I'm literally where you are right now. I hit my first goal, moved it, hit the 2nd goal, moved it, hit the final goal, and now that I'm ready to maintain, I'm still losing lol I made a post about it and the general consensus was to not try to stop losing just yet and let my body decide its new happy place/set point. I'm also afraid of looking sickly thin (I have some curves and I'm big bones, so I carry my weight well and always look like I weigh less than I do) so I'm trying to figure out when to finally bring my body to a halt on the losing (if I even can) if I feel it's getting to be a bit too much.

I was always thin in high school, but when I had my son at age 20, my PCOS kicked in and I gained all kinds of weight and couldn't lose it. Then I had several miscarriages, then had my daughter which caused even more weight gain. Once I saw I couldn't lose the weight no matter what, I stopped caring and I ate myself all the way to 421 pounds.

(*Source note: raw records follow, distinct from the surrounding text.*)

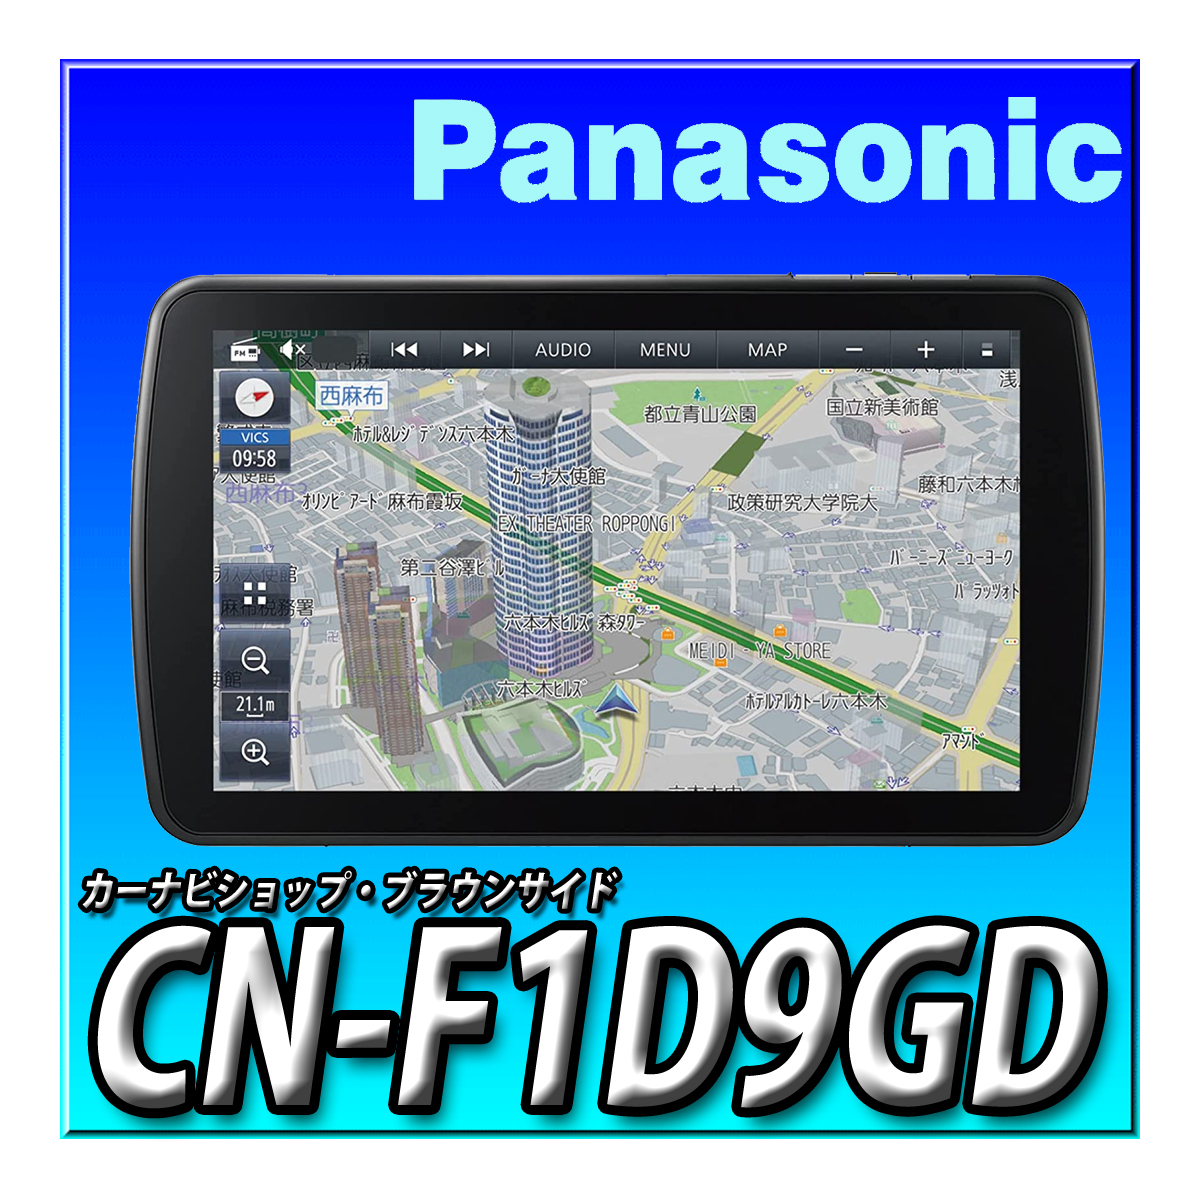 CN-F1D9GD 新品未開封 9インチフローティングナビ パナソニック ストラーダ 地デジ DVD CD録音 Bluetooth ドラレコ連携も可能 カーナビの画像1
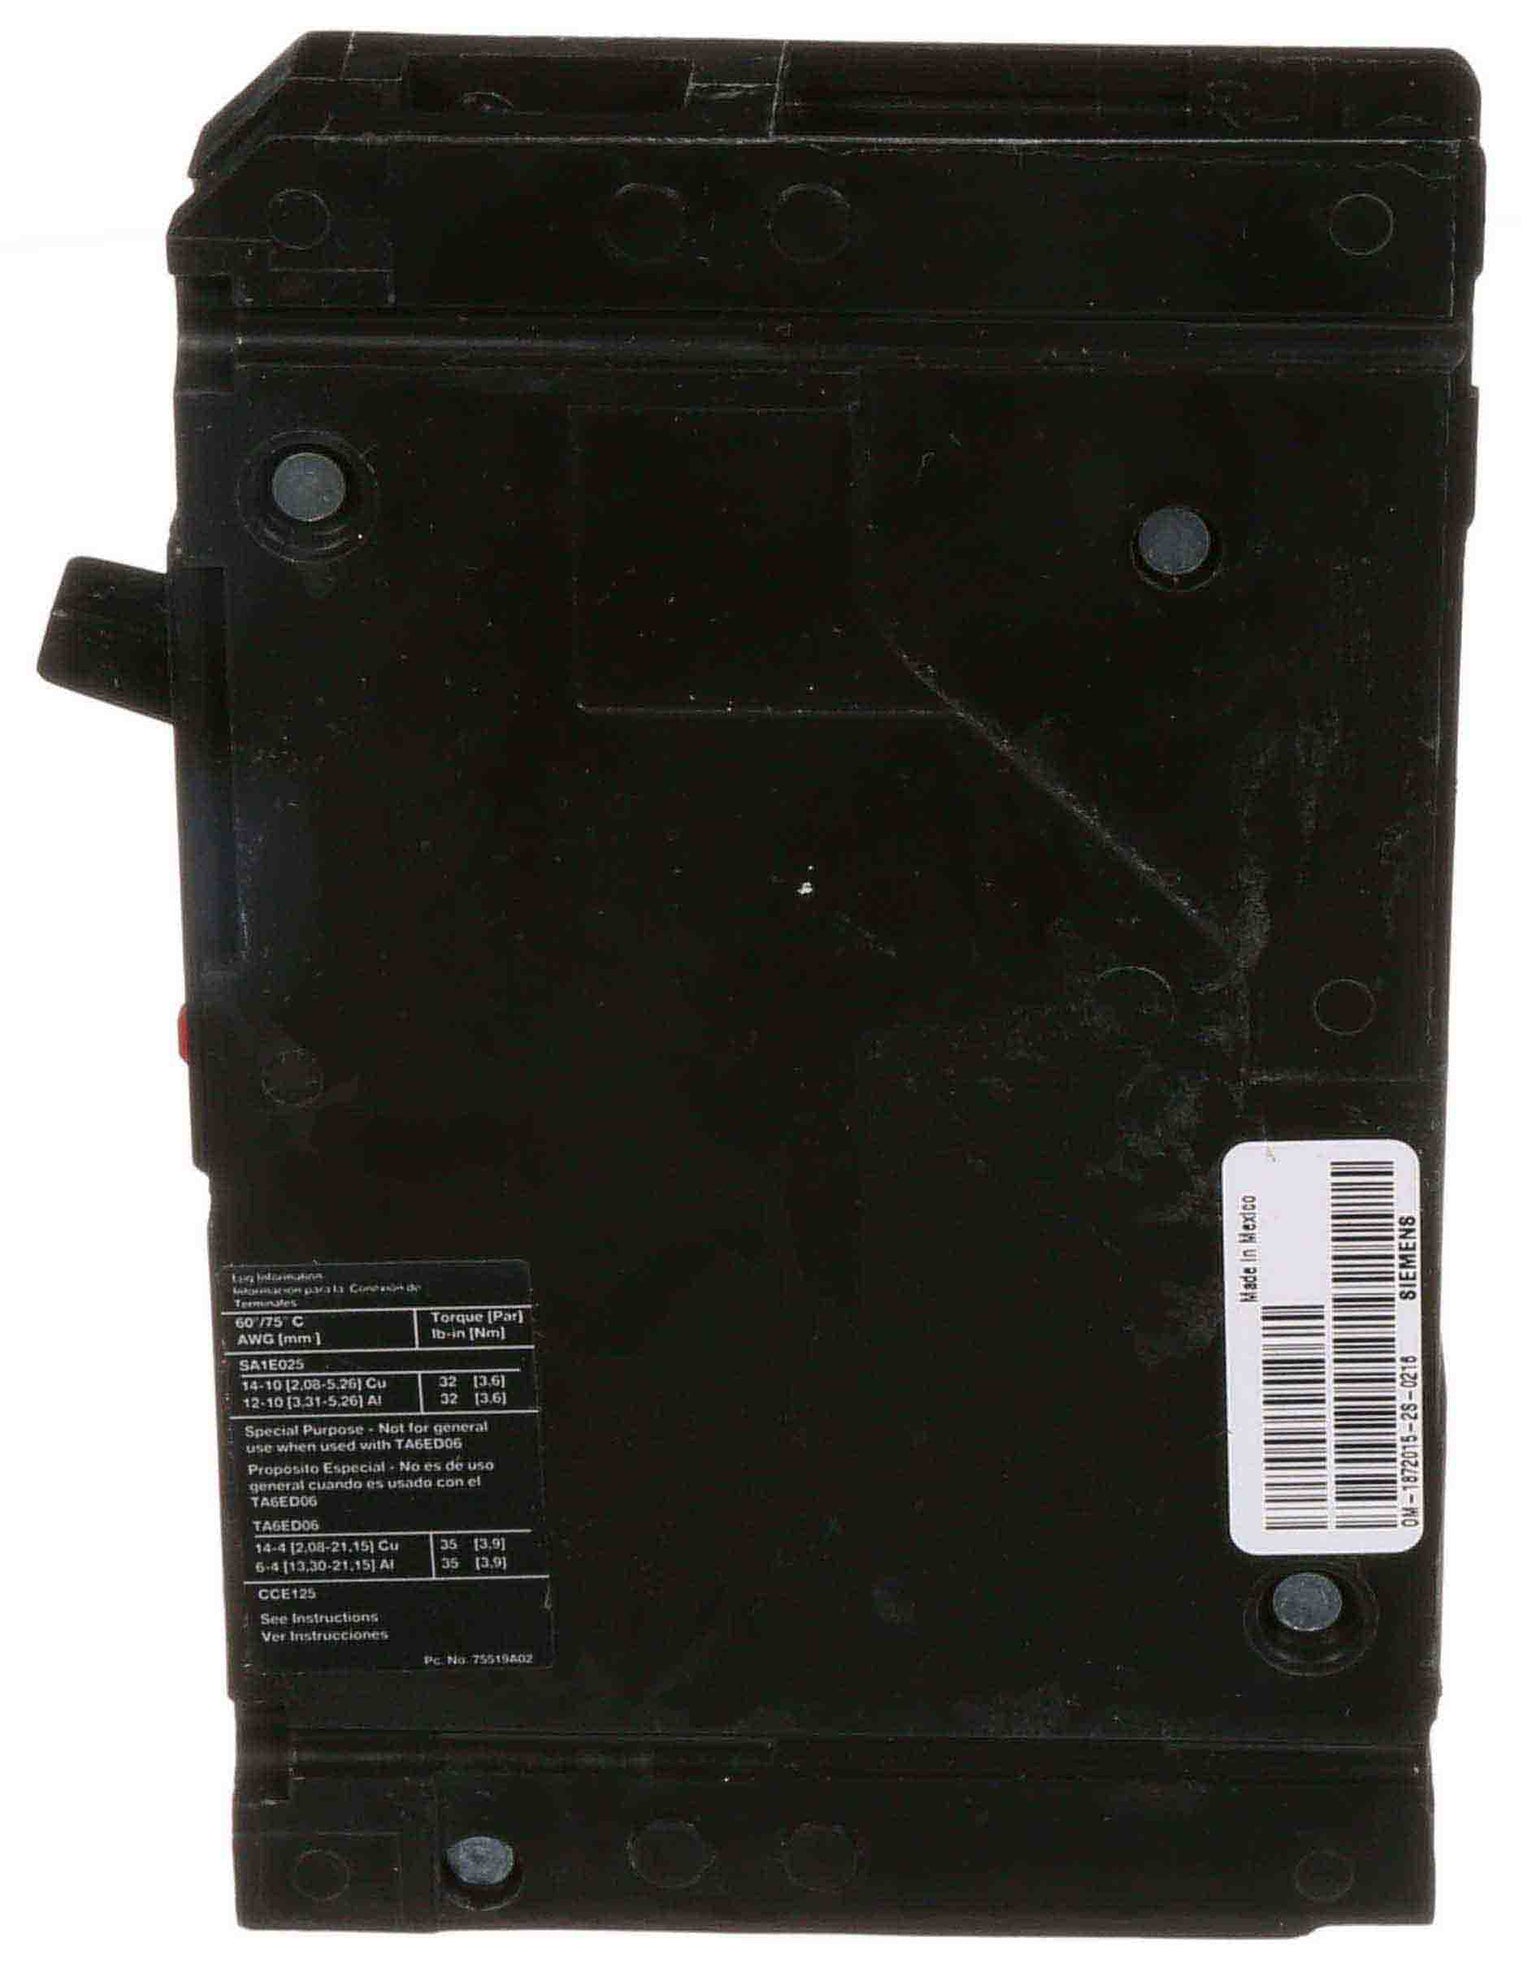 ED21B035 - Siemens - Molded Case Circuit Breaker
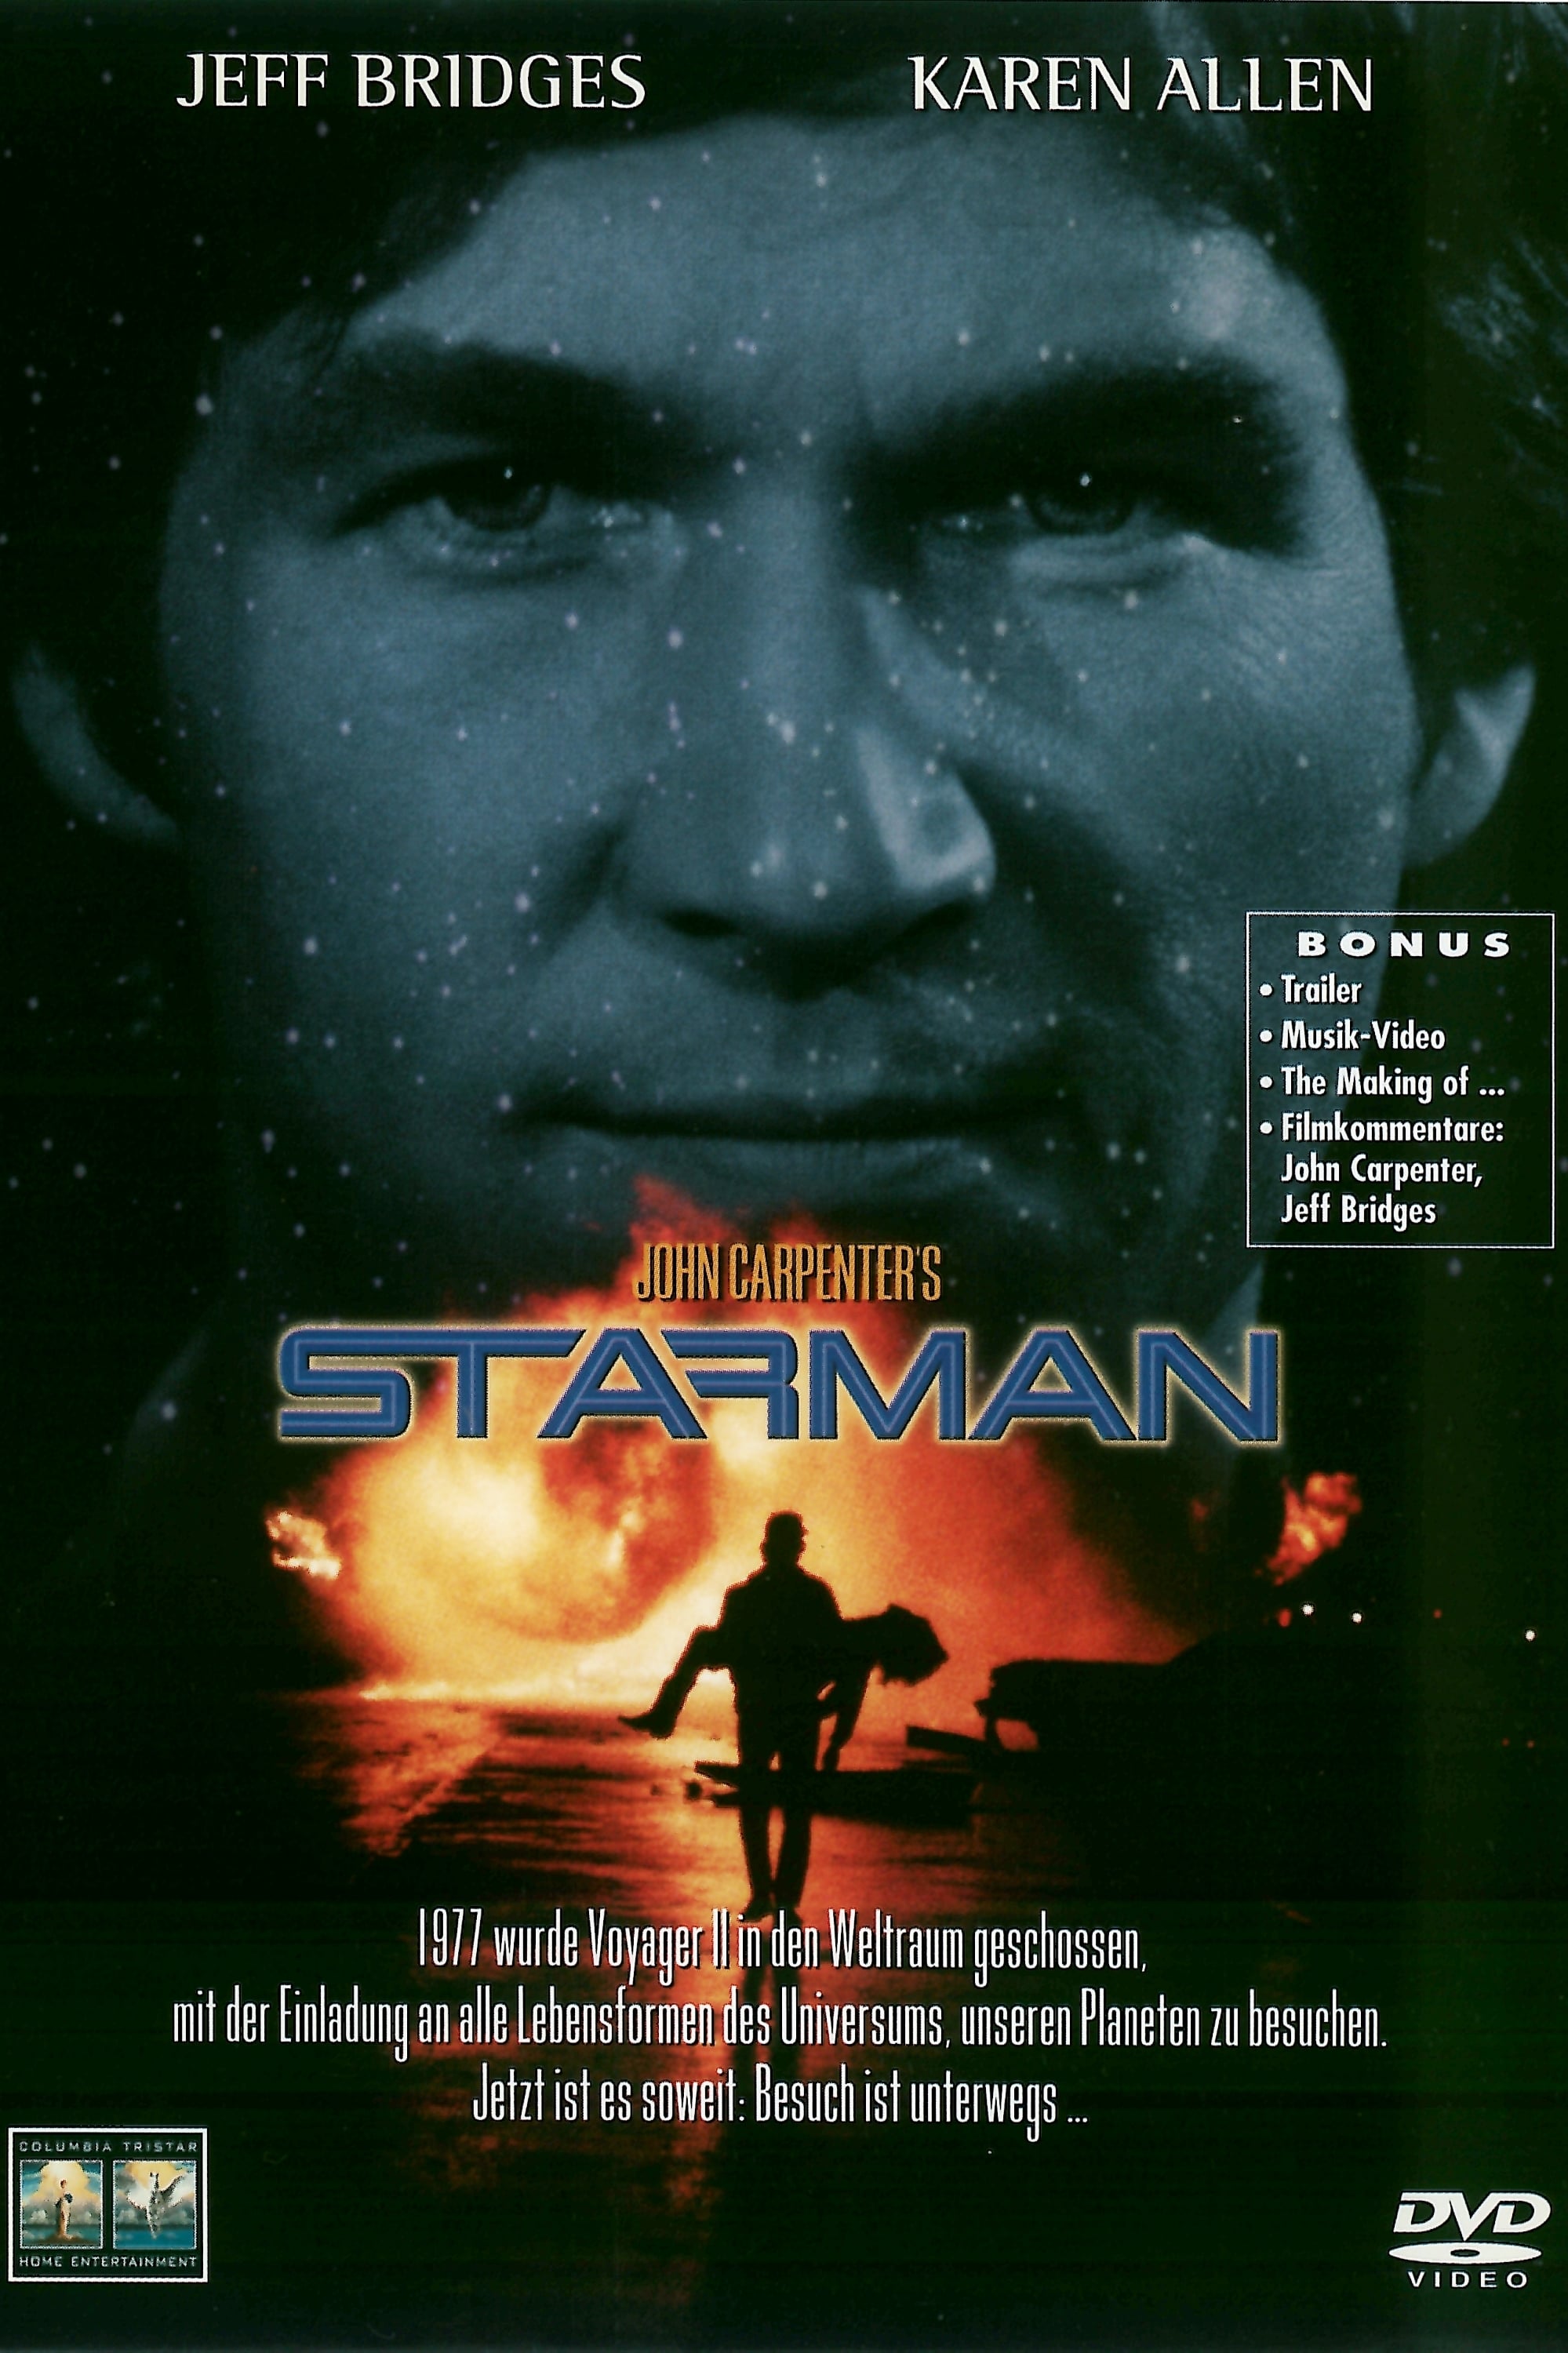 Plakat von "Starman"

Never, in a million years, did I think I'd be here now. But I'm kind of concerned about looking too thin, just like you are. So I feel you 100% there. I'm one of the ones that cut out a lot of foods and found yummy alternatives instead. I didn't want to feel deprived, but I also knew I couldn't really do cheat meals because it would be a slippery slope for me, and the guilt and "what ifs" just aren't worth it. So I went about finding really tasty, healthy, compliant meals instead. I've lost 235 pounds from my highest weight and 202 pounds since my initial surgery date. There's just no way I'm willing to lose any of that progress over a meal or drink or a get-together.

So for me, I still have to learn the balance lol I'm definitely not there yet. Not sure when I will be. But I'd like to get there sooner rather than later.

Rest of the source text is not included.